В силу своей односторонности добродетели христианского благочестия умерщвляют мирское и делают субъект свободным лишь в том случае, если он абсолютно отрекается от всего человеческого. Субъективная свобода рассматриваемого нами круга, правда, не обусловлена больше только терпением и самопожертвованием, а положительна в себе, в мирском. Однако бесконечность субъекта, как мы уже видели, имеет своим содержанием лишь задушевность как таковую, субъективное чувство, движущееся в самом себе, — как свою мирскую почву внутри себя. В этом отношении поэзия не имеет здесь перед собой никакой предпосланной объективности, никакой мифологии, никаких статуй и образов, которыми она могла бы воспользоваться. Она возникает совершенно свободно, без всякого материала, чисто творчески; она подобна птице, которая вольно поет свою песню. Но хотя субъективность обладает благородной волей и глубокой душой, все же в ее поступках, отношениях и существовании обнаруживается лишь произвольность и случайность, поскольку в отношении нравственного содержания свобода и ее цели исходят из внутреннего размышления, еще лишенного субстанции.

Итак, мы находим в индивидах, скорее, не особенный пафос в греческом смысле этого слова и тесно связанную с этим пафосом живую самостоятельность индивидуальности, а только различные степени героизма в отношении любви, чести, храбрости, верности — степени, различия которых определяются низменностью или благородством души. Тем не менее герои средних веков имеют одно общее качество с героями античности — храбрость. Но и она получает здесь совершенно другой смысл. Она не является природным мужеством, основанным на здоровой доблести, на силе тела и воли, силе, не ослабленной образованием, и не служит опорой при осуществлении объективных интересов. Эта храбрость исходит из внутреннего переживания духа, из чести, рыцарских нравов и в целом отличается фантастичностью, подчиняясь приключениям внутреннего произвола и случайностям внешних обстоятельств или импульсам мистического благочестия и вообще субъективному отношению субъекта к себе.

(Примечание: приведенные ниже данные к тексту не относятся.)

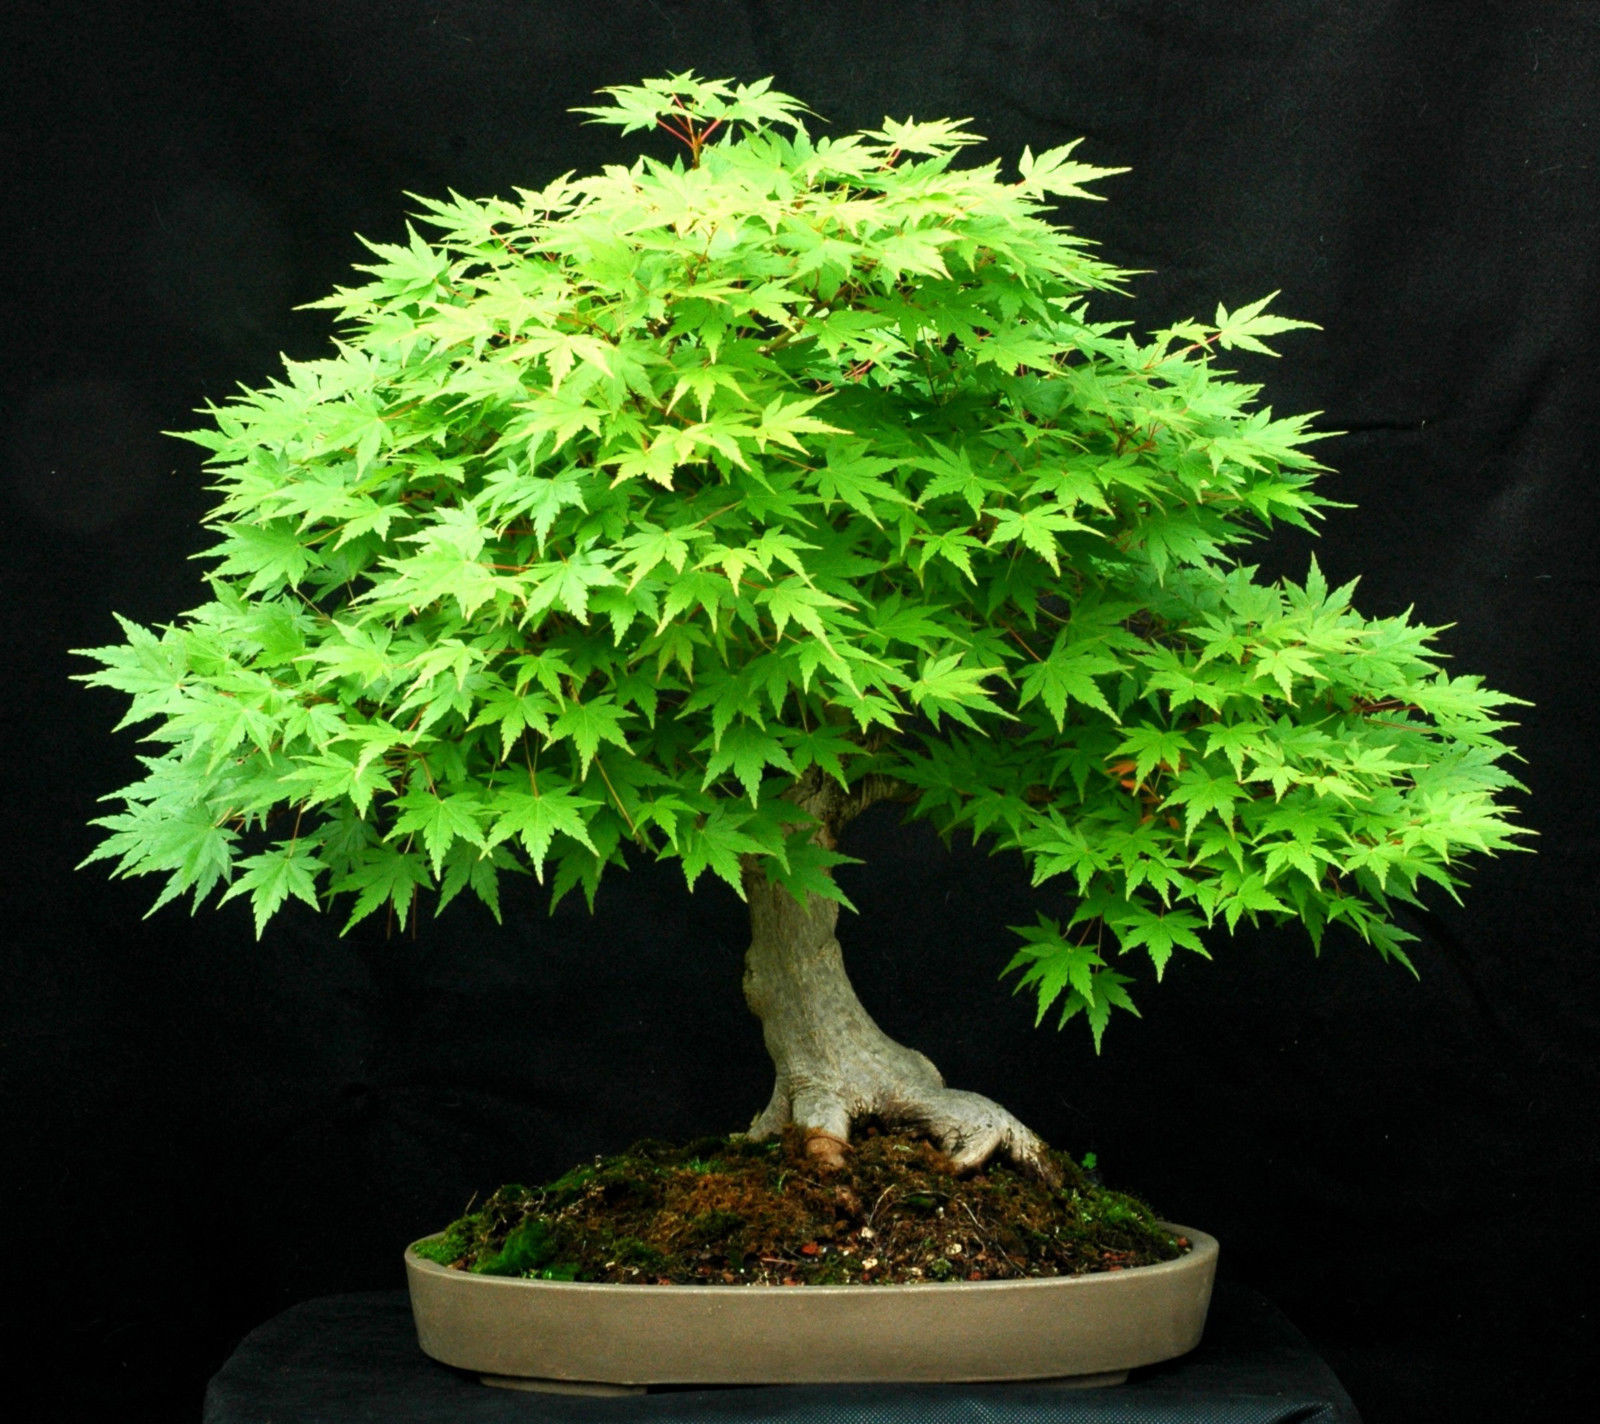 Top How To Bonsai A Maple Tree in the world The ultimate guide | leafyzen

Эта форма романтического искусства имеет своей родиной два полушария: Запад — уход духа в его субъективный мир, и Восток — первое расширение сознания, стремящегося освободиться от конечного. На Западе поэзия покоится в душе, возвратившейся в себя, ставшей для себя средоточием и осознающей свое мирское только частью своего отношения, как одну сторону, над которой находится более высокий мир веры. На Востоке представителем этой формы является преимущественно араб, который выступает подобно некоей точке, не имеющей вначале ничего перед собою, кроме выжженной солнцем пустыни и неба, выступает полный сил, стремится к блеску и распространению мирского начала, сохраняя при этом свою внутреннюю свободу.

Вообще на Востоке магометанская религия очистила почву, изгнала всякое ограниченное и фантастическое идолопоклонство. Она дала душе субъективную свободу, целиком ее наполняющую. Мирское здесь не только составляет другую сферу, — оно поглощается, как и все остальное, всеобщей независимостью. Здесь сердце и ум, не формируя объективно бога, внутренне примиренные в живой радости, подобно нищим, счастливо наслаждаются теоретическим возвеличением своих предметов, любят, удовлетворены и блаженны.